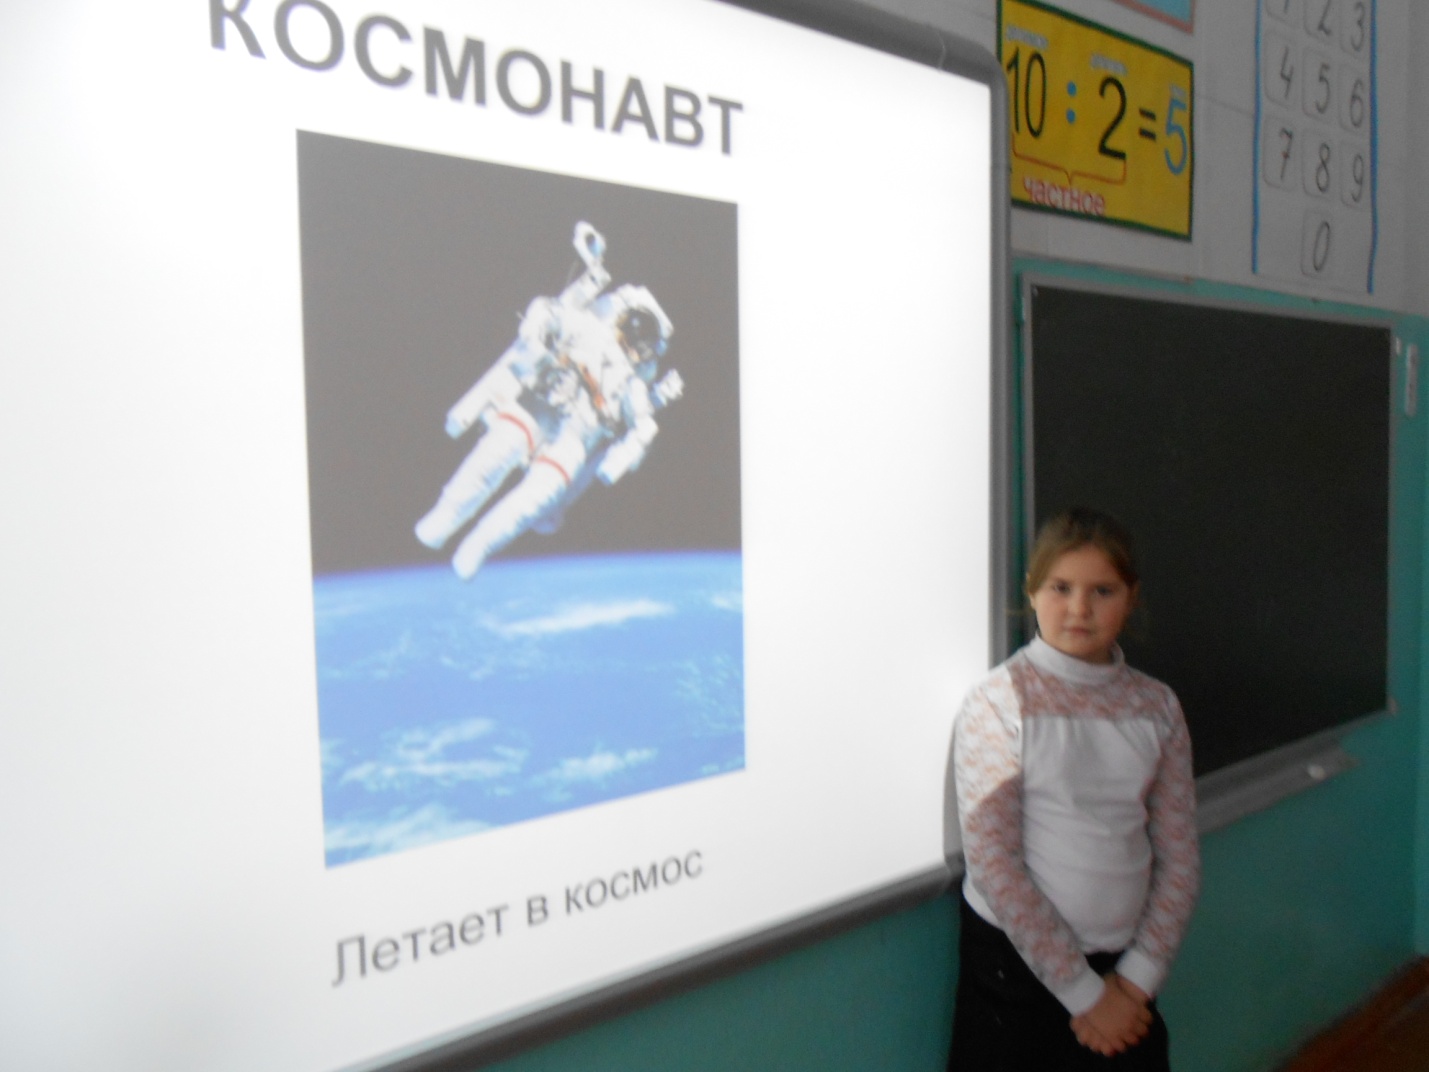 Интегрированный урок русского языка и окруgающего мира(2класс)
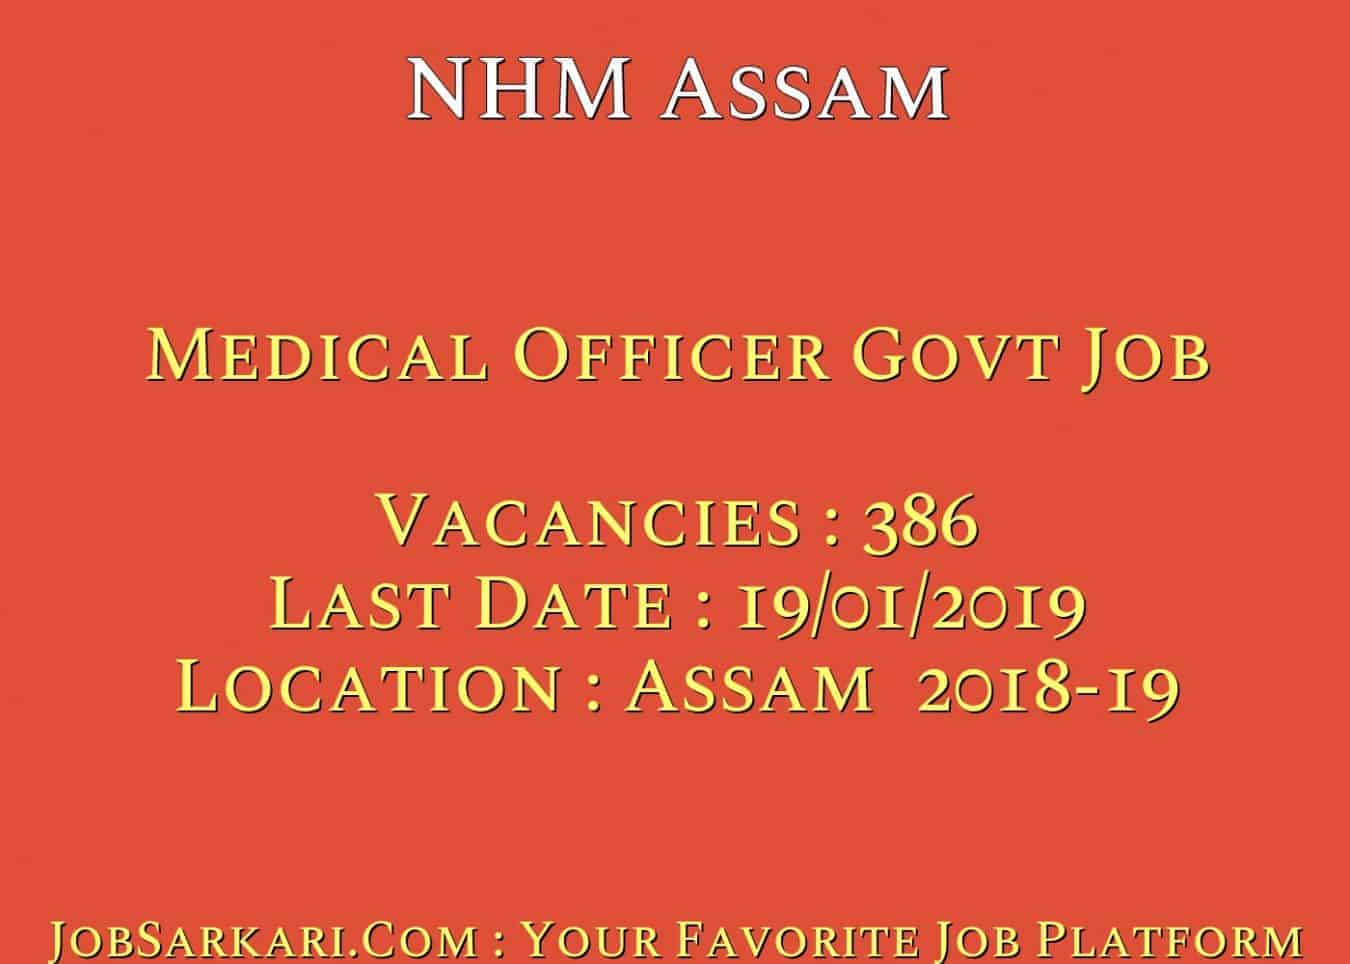 NHM Assam Recruitment 2019 For Medical Officer Govt Job
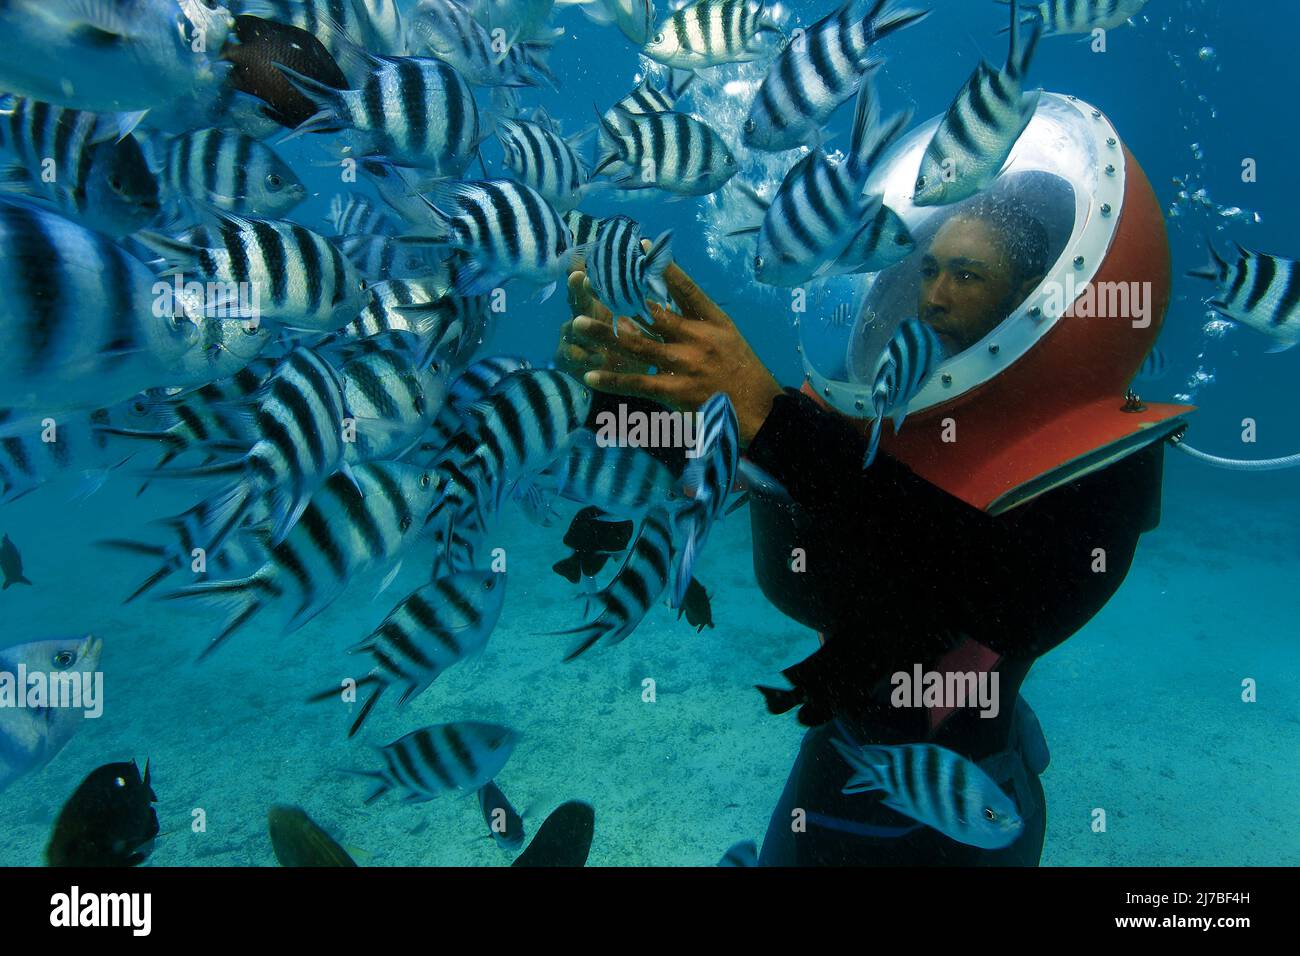 Passeggiata sottomarina, passeggiata subacquea, turista con casco subacqueo circondato di pesci Sergente maggiore o píntanos (Abudefduf saxatilis), Mauritius Foto Stock

What to produce |
The listing above should be repeated word for word, with every image left out.

Exercise answer |
 Интегрированный урок русского языка и окруgающего мира(2класс)
 NHM Assam Recruitment 2019 For Medical Officer Govt Job
 Passeggiata sottomarina, passeggiata subacquea, turista con casco subacqueo circondato di pesci Sergente maggiore o píntanos (Abudefduf saxatilis), Mauritius Foto Stock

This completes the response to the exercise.